Chapter 18: Supervised Classification using Local LLMs in R

In the previous chapter, we explored how to use BERT for text classification. While BERT is powerful, it requires Python, careful preprocessing, and training. In this chapter, we’ll take a different approach: using large language models (LLMs) like GPT through Ollama directly in R. This method requires no training, works with minimal data, and can classify text through natural language instructions.

Why Local LLMs? Understanding the Paradigm Shift

The BERT approach we covered previously is an example of fine-tuning: we take a pre-trained model and train it further on our specific task with labeled examples. This works well but has some limitations:

  • Requires hundreds or thousands of labeled examples
  • Needs GPU resources and hours of training time
  • Must be retrained for each new classification scheme
  • Requires Python and deep learning expertise

The LLM approach is fundamentally different. Instead of training, we use prompting: we give the model instructions in natural language and ask it to classify text based on those instructions.
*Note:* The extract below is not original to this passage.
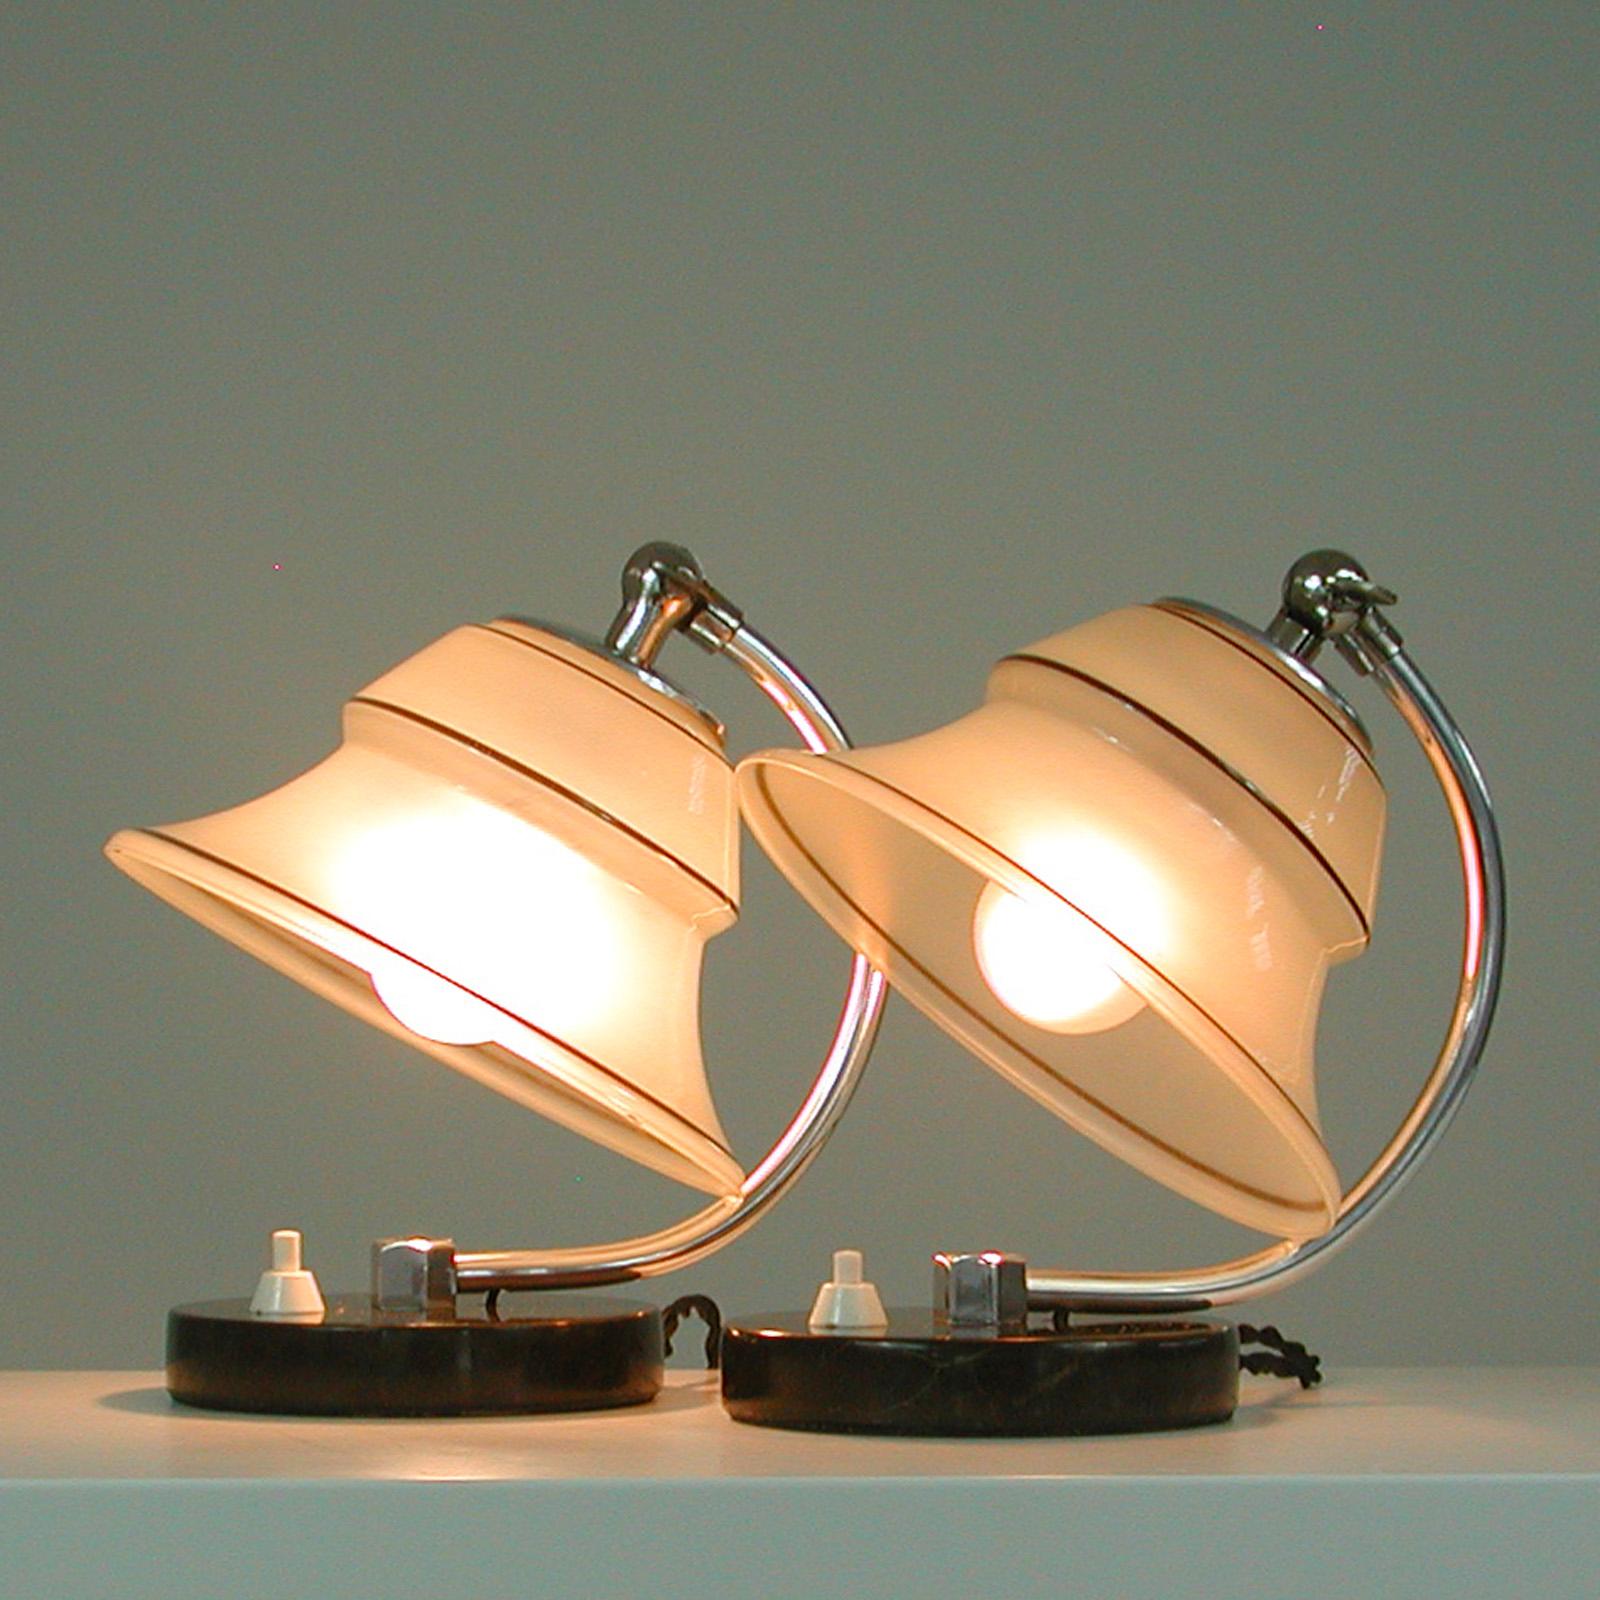 German Art Deco Enameled Satin Glass, Marble and Aluminum Table Lamps, 1930s For Sale 14

This offers several advantages:

Advantages of the LLM Approach:

  1. Zero-shot or few-shot learning: Can work with zero training examples, or improve with just a handful of examples in the prompt
  2. Rapid iteration: Change your classification scheme by editing the prompt, not retraining
  3. Works entirely in R: No Python environment needed
  4. Handles complex nuances: Can encode detailed coding instructions that would be hard to learn from examples alone
  5. Runs locally: With Ollama, models run on your machine - no API costs or data privacy concerns

Trade-offs:

  • Slower inference than fine-tuned models (seconds per text vs milliseconds)
  • Requires careful prompt engineering
  • Can be inconsistent if prompts aren’t well-designed
  • Larger models need significant RAM (8GB+ for 7B parameter models)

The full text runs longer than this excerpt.